## Aim of the task
Each line of the listing must be transcribed exactly, except for the images, which should be excluded.
##### Raw data #####
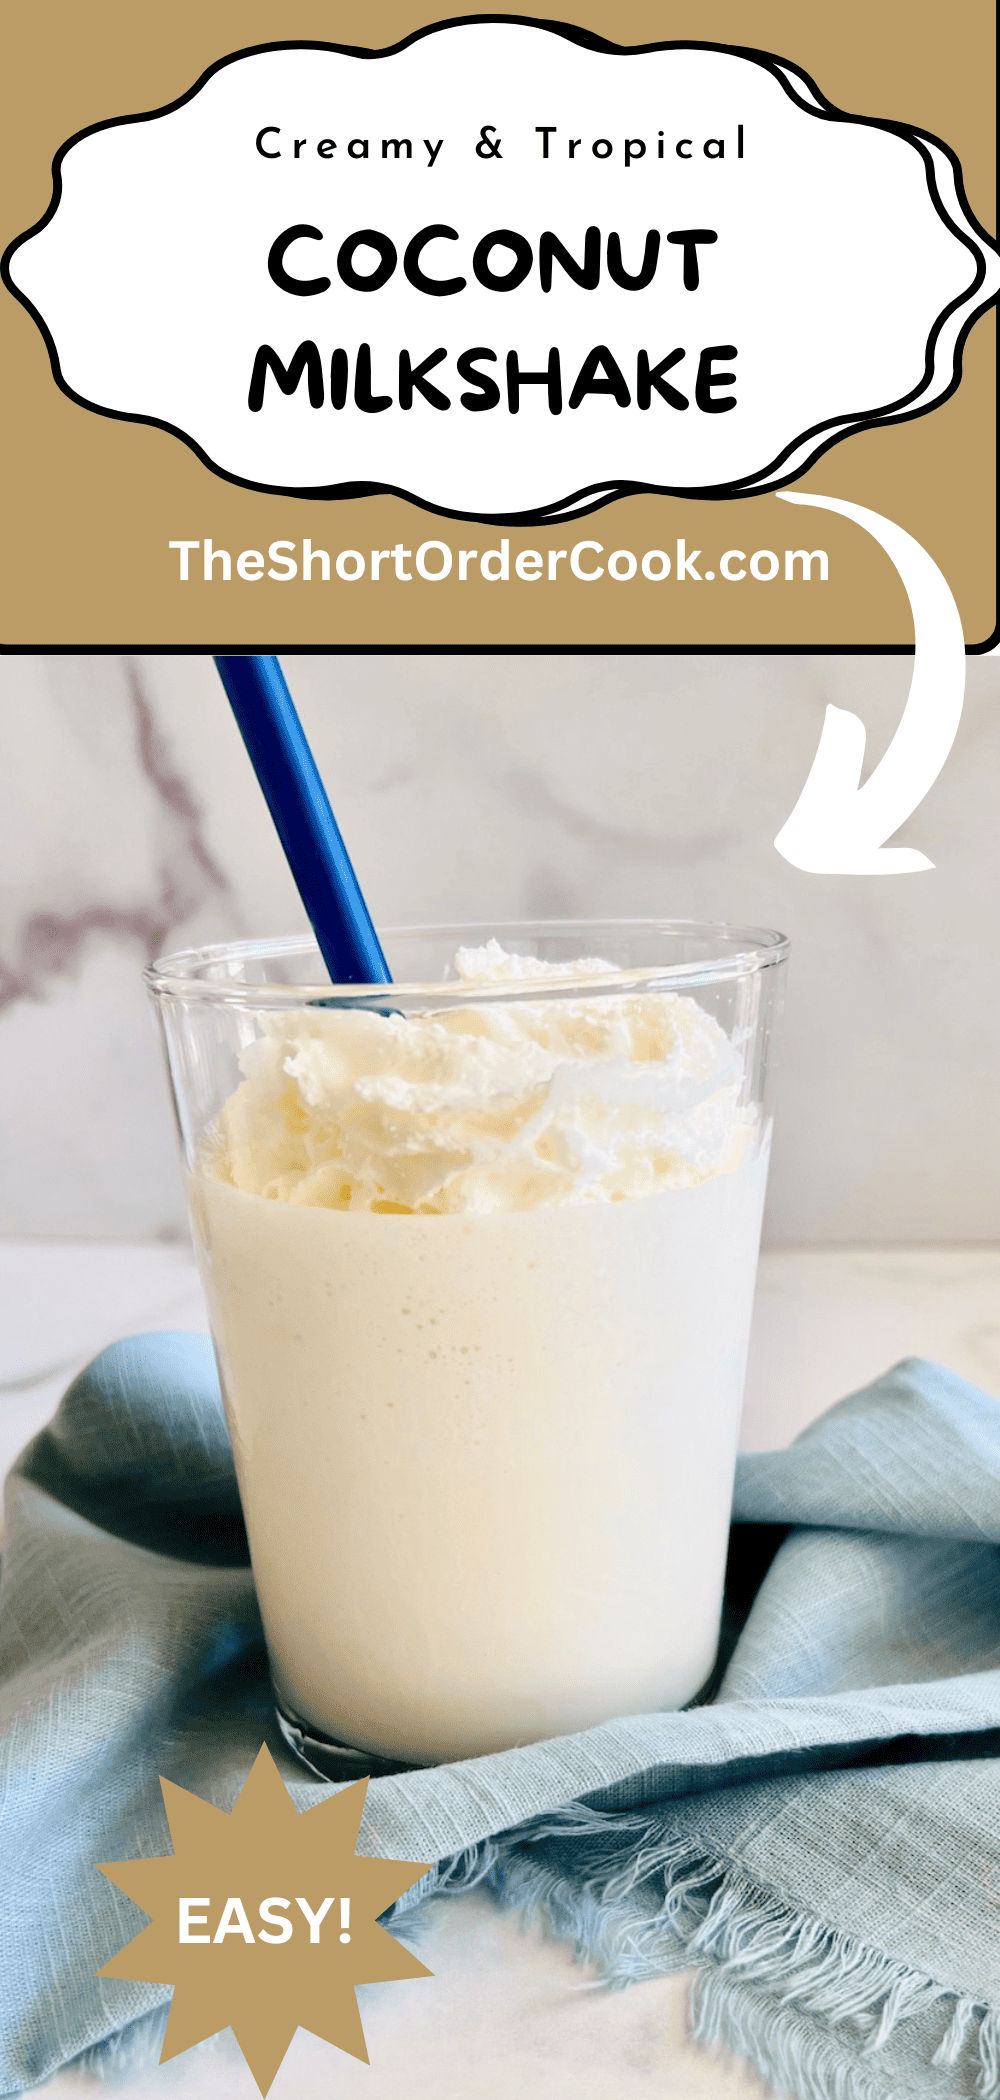 Clear glass filled with white coconut milkshake, whipped cream, and a blue straw.
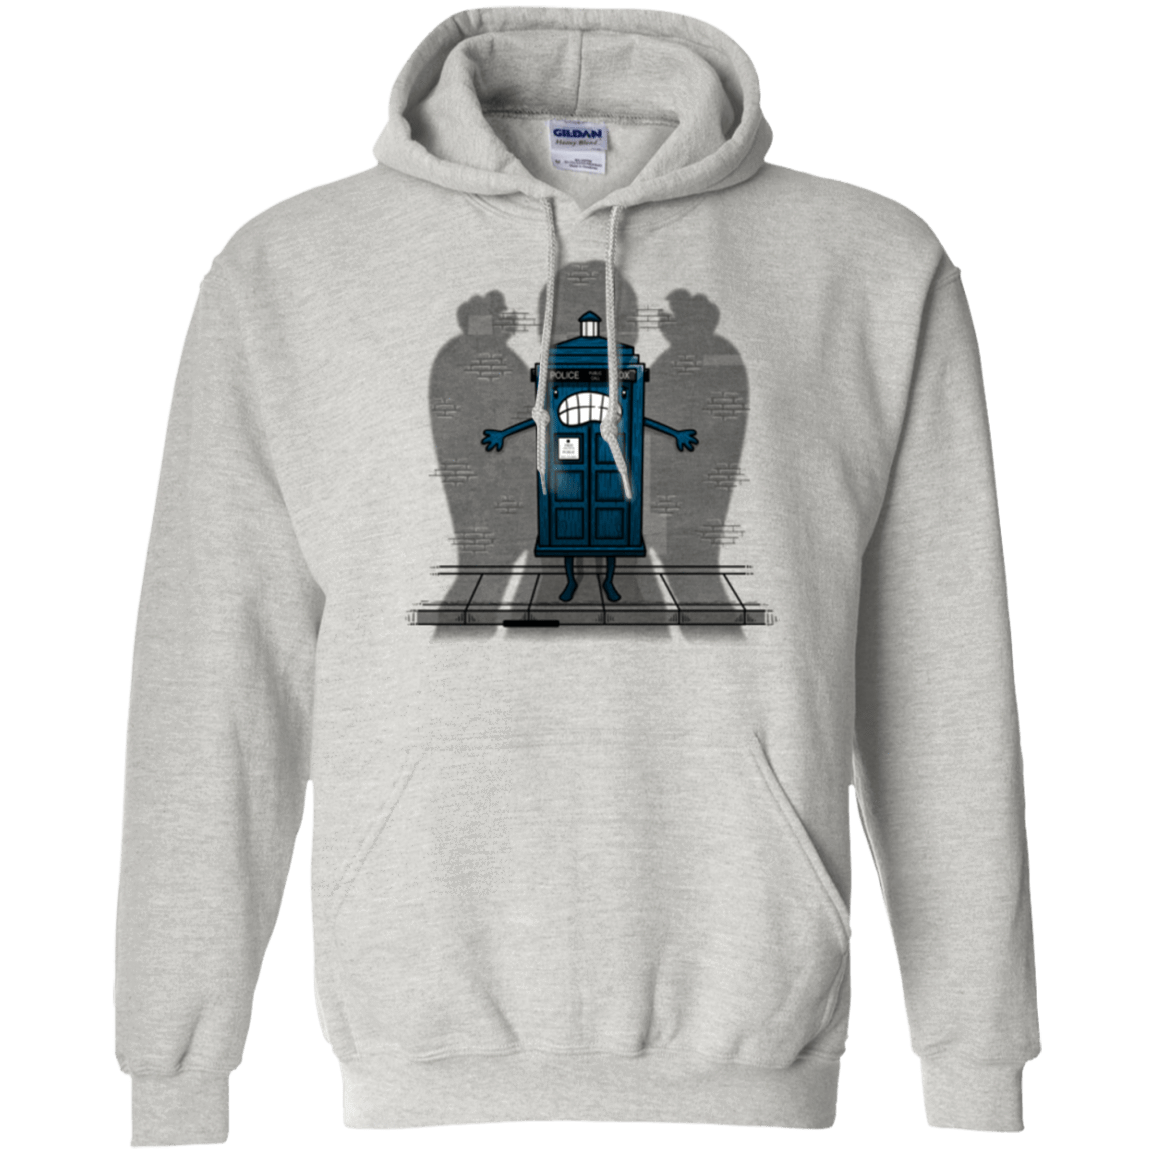 Sweatshirts Ash / Small Angels Are Here Pullover Hoodie
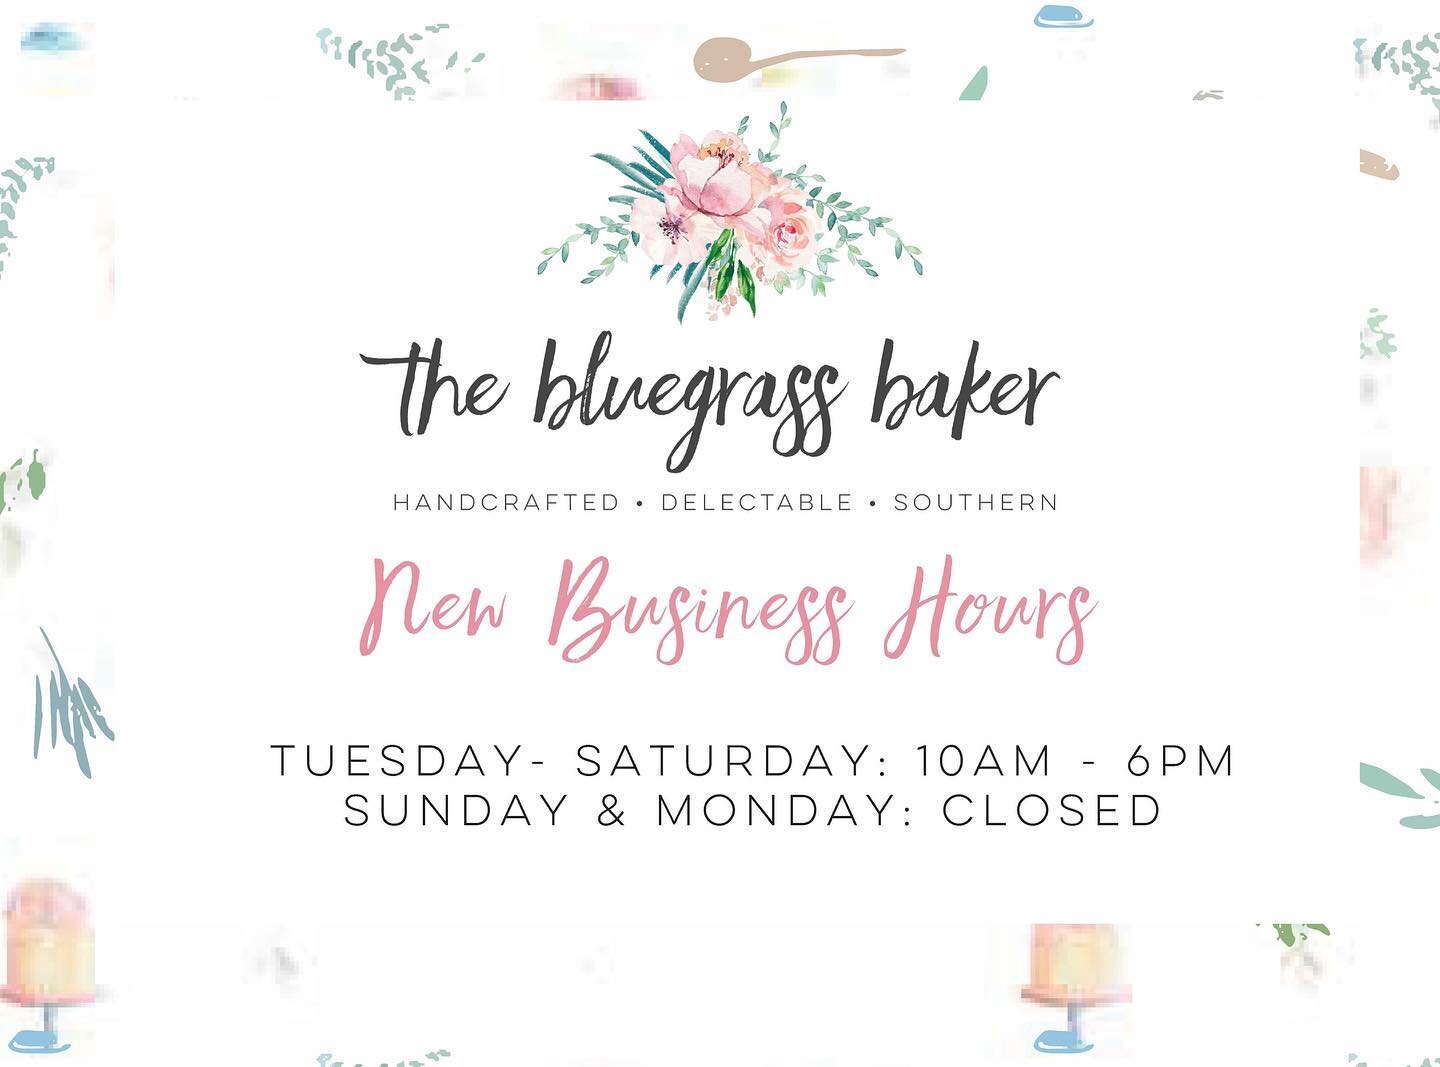 New business hours! This will start today! Our door decals do not reflect the change, just yet! Stay tuned for an exciting event tomorrow! I&rsquo;ll announce later today🍦🍦Thanks y&rsquo;all💙💙
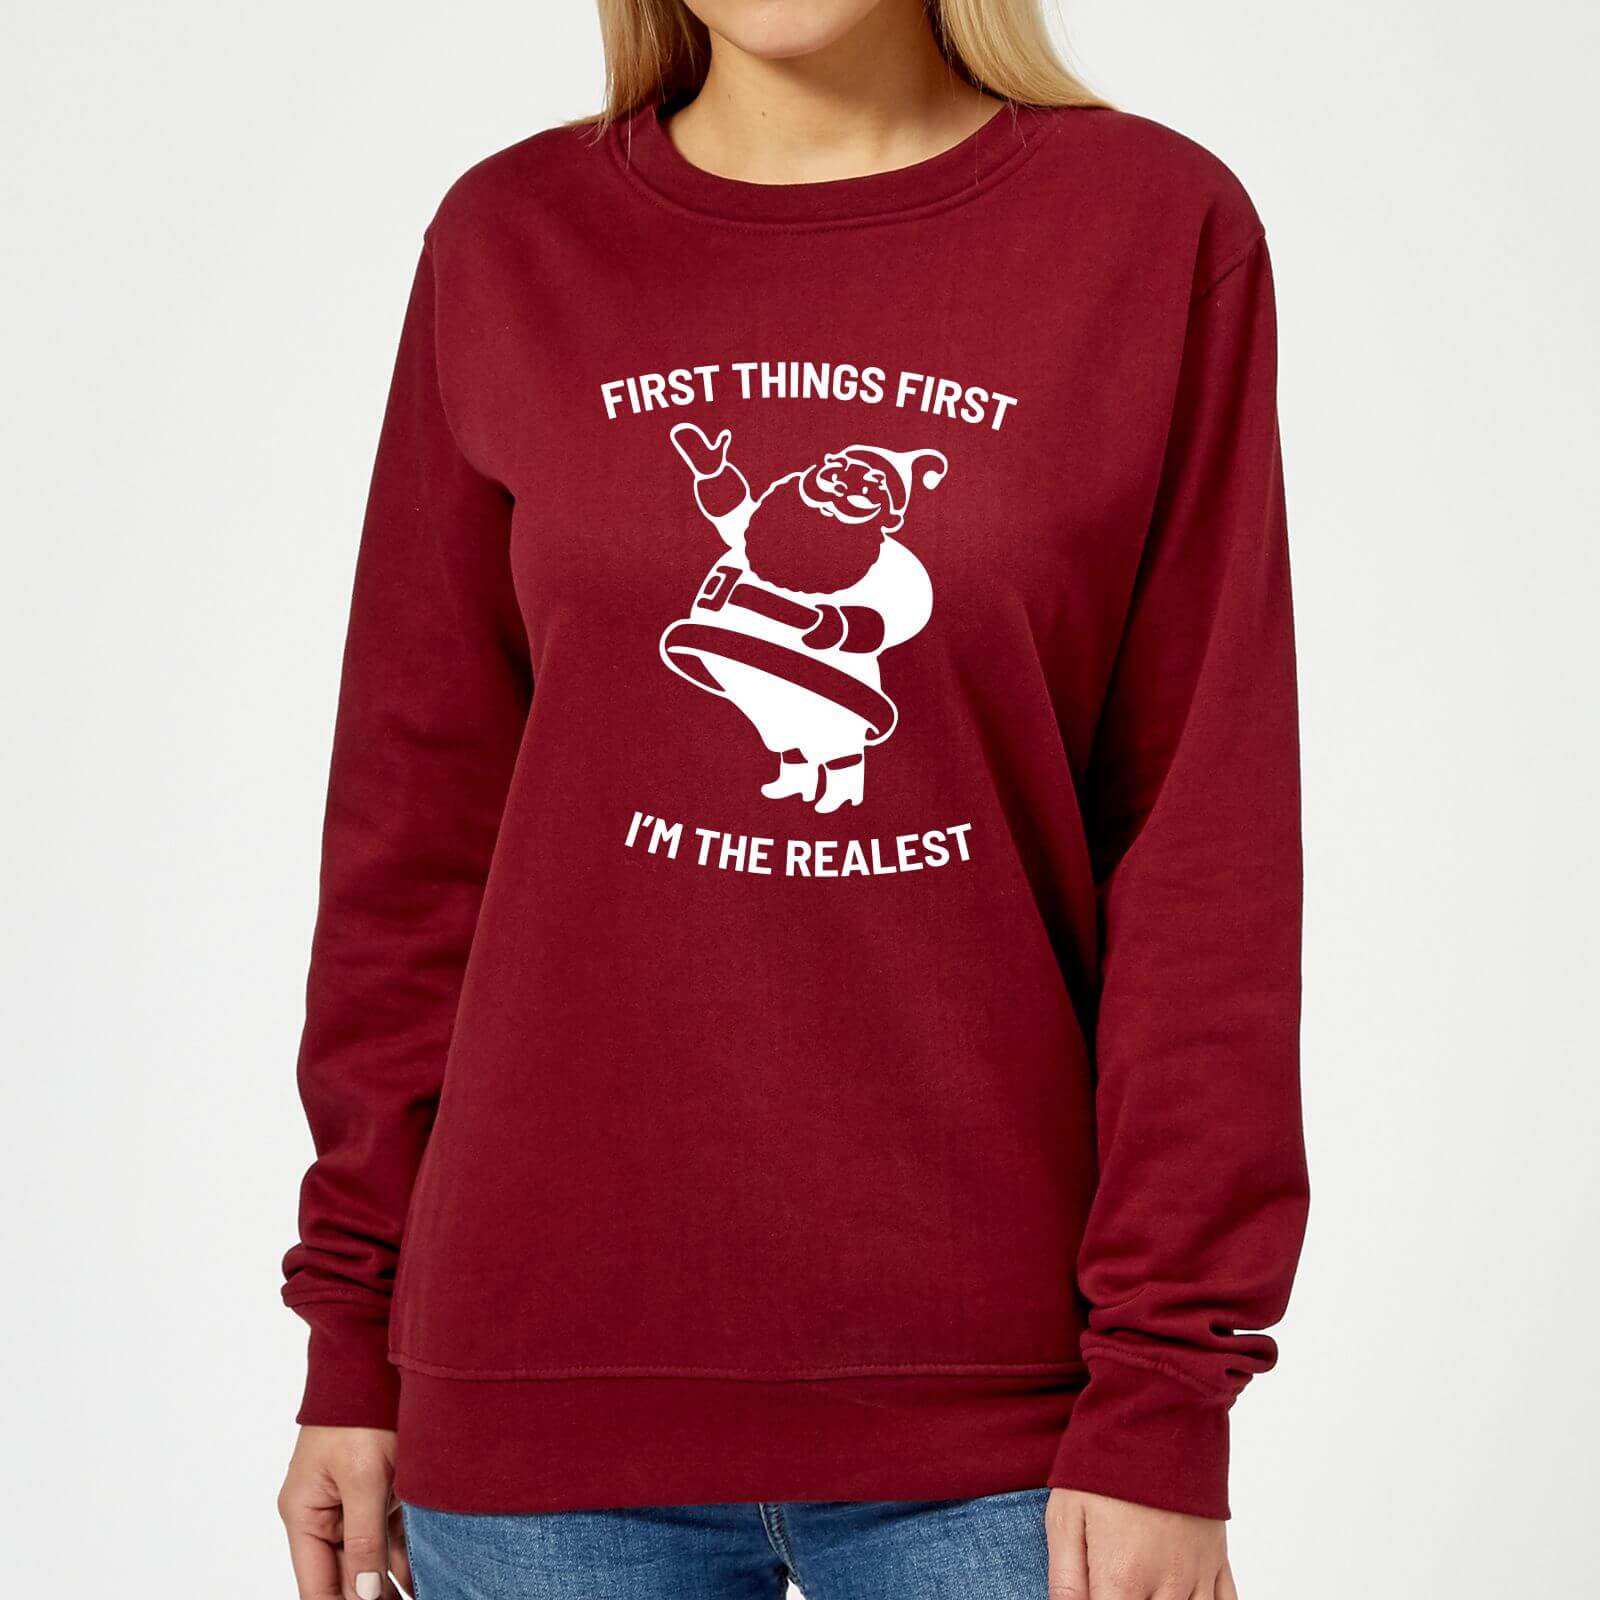 First Things First I'm The Realest Women's Christmas Sweatshirt - Burgundy - XS - Burgundy
#####
## Response area
 Clear glass filled with white coconut milkshake, whipped cream, and a blue straw.
 Sweatshirts Ash / Small Angels Are Here Pullover Hoodie
 New business hours! This will start today! Our door decals do not reflect the change, just yet! Stay tuned for an exciting event tomorrow! I&rsquo;ll announce later today🍦🍦Thanks y&rsquo;all💙💙
 First Things First I'm The Realest Women's Christmas Sweatshirt - Burgundy - XS - Burgundy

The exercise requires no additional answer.